Rapoport and three other students took part in the intensive tutoring session in Moscow as part of a budding exchange program between Harvard and the monastery that was born out of the agreement to return the Harvard bells to their origin this summer.

In exchange, Harvard will receive replicas cast in a Russian foundry and blessed by the church patriarch.

The students spent up to 10 hours a day in classes immersed in both the theory and practice of Russian church bells, called "singing icons" in the Orthodox Church. In striking detail, expert bell-ringers at the mon astery and Kremlin explained the acoustics of different bells, and how their style and sound have evolved over the centuries. The students learned how bells are made, designed, and hung, and their role in church services.

Above all, students came to understand the vital religious and cultural importance of Russian church bells, which were silenced for decades under communism.

"Bell-ringing as an art was almost lost during the Soviet era," Rapoport said.

"They are very hopeful for a renaissance, and it's a special honor to be part of the history."

The classes were roughly divided between lectures, translated from Russian into English, and practice. The quartet was tutored in the unique Russian style and analyzed recordings of their Sunday performances at Harvard.

Some sessions were conducted at a "bell gym," with a small set of bells with dampers and warmer temperatures. Others were held during evening services at monasteries in frigid bell towers.

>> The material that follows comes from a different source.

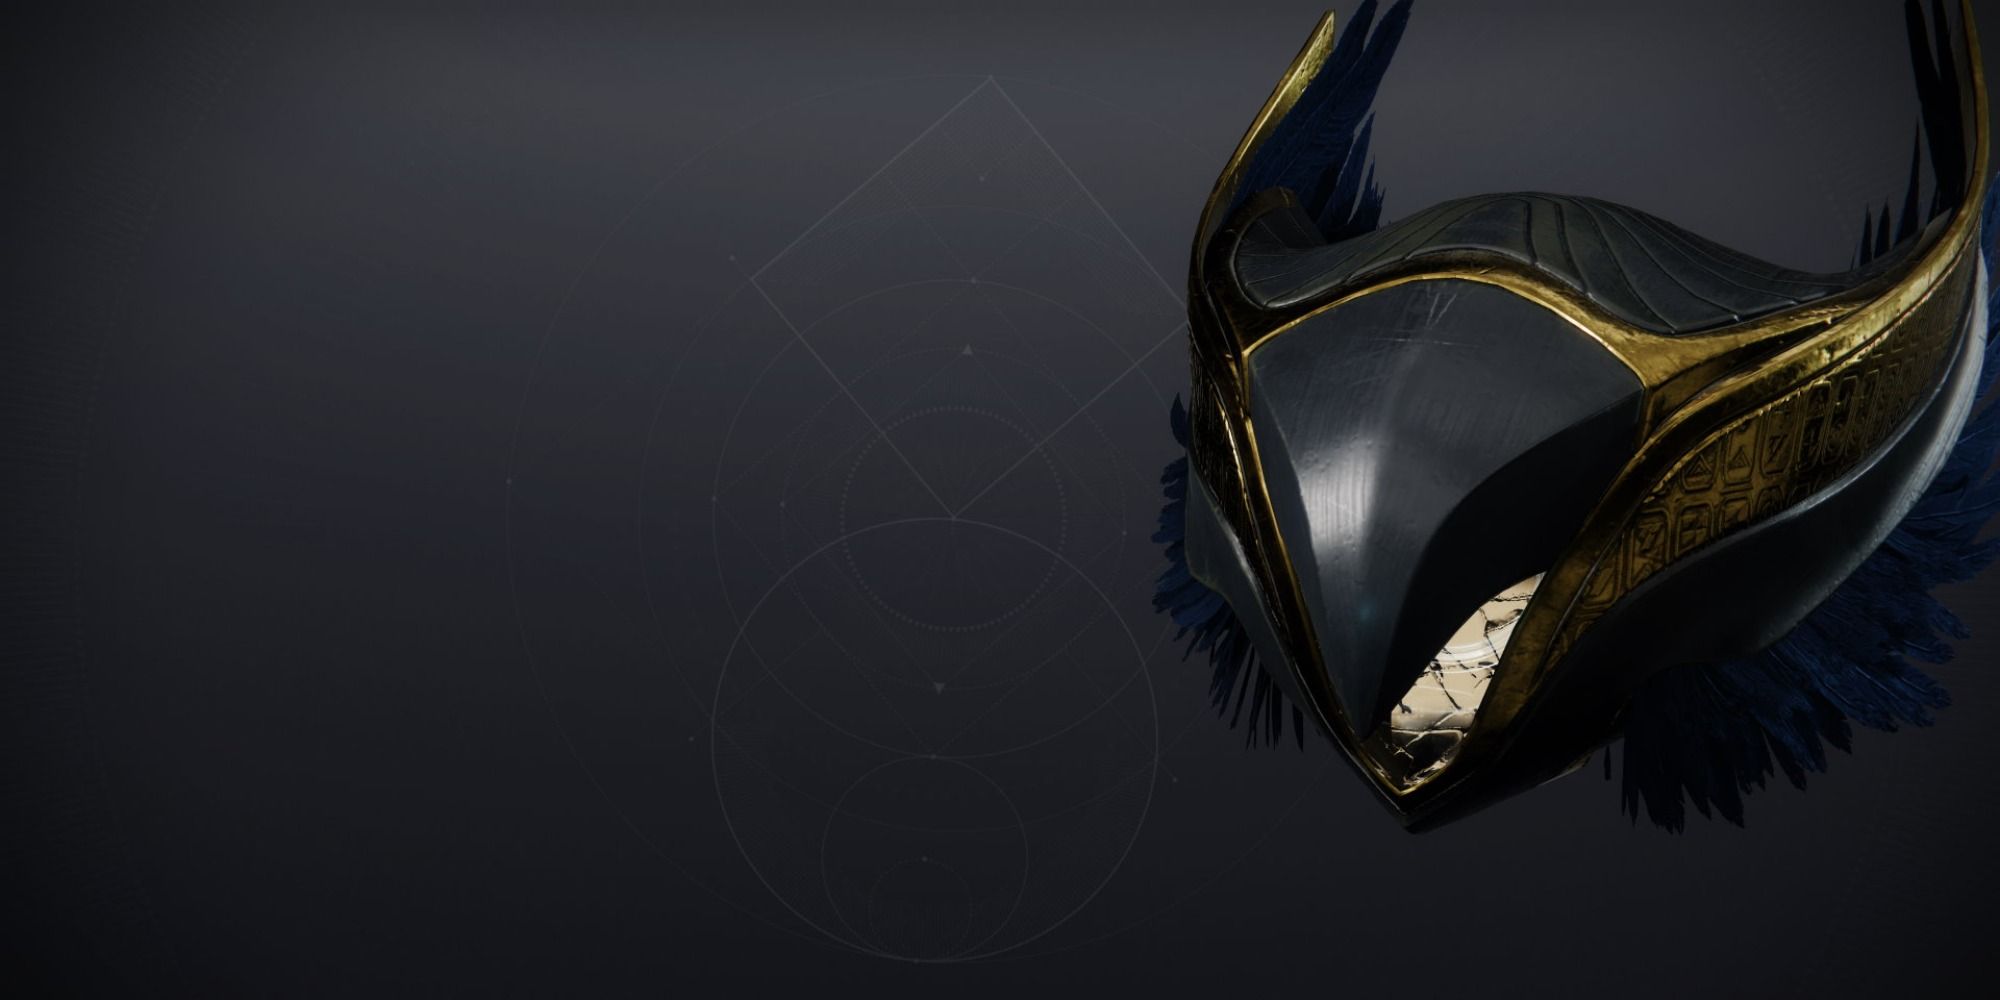 The Horus Shell Exotic Ghost Shell is Destiny 2

"All bells all the time," Rapoport quipped.

The tutors, while pleased to encounter disciples of their practice, were stern taskmasters. But they also praised the students, who have tolled the bells at Harvard for several years, for making marked improvement.

The students said they also won over an initially skeptical Russian media, which closely covered their visit in a generally favorable light.

Jeremy Lin, a Harvard senior who yesterday vigorously pulled a pair of ropes to send a string of chimes through the cold air, said ringing the bells in Russia was particularly meaningful.

"To try and understand the context is nearly impossible outside of Russia," Lin said.

"It was very moving to be part of a oral tradition, and to experience the bells as an integral part of a church service. That was the most enlightening part of the experience for me."

Elisa Olivieri, a Harvard senior, spoke with awe of hearing the pealing of the bells call worshipers to service.

"It's very solemn and mysterious, and the bells really amplify that," she said.

The project was funded by a foundation established by Viktor Vekselberg, a Russian oil and metals tycoon seeking to return lost artifacts to Russia. The bells, one of the few collections to survive Stalinist religious purges, were given to Harvard in 1930 by American industrialist Charles R. Crane to save them from likely destruction.

Students yesterday said striking bells at the right speed was the key to producing the right sound. Striking too hard creates discordance, too soft loses the full texture of the sound.

On their last effort, the students seemed to strike the right balance, sending a shimmering sound through the cold air, traveling for miles and lingering long after the clapper strike.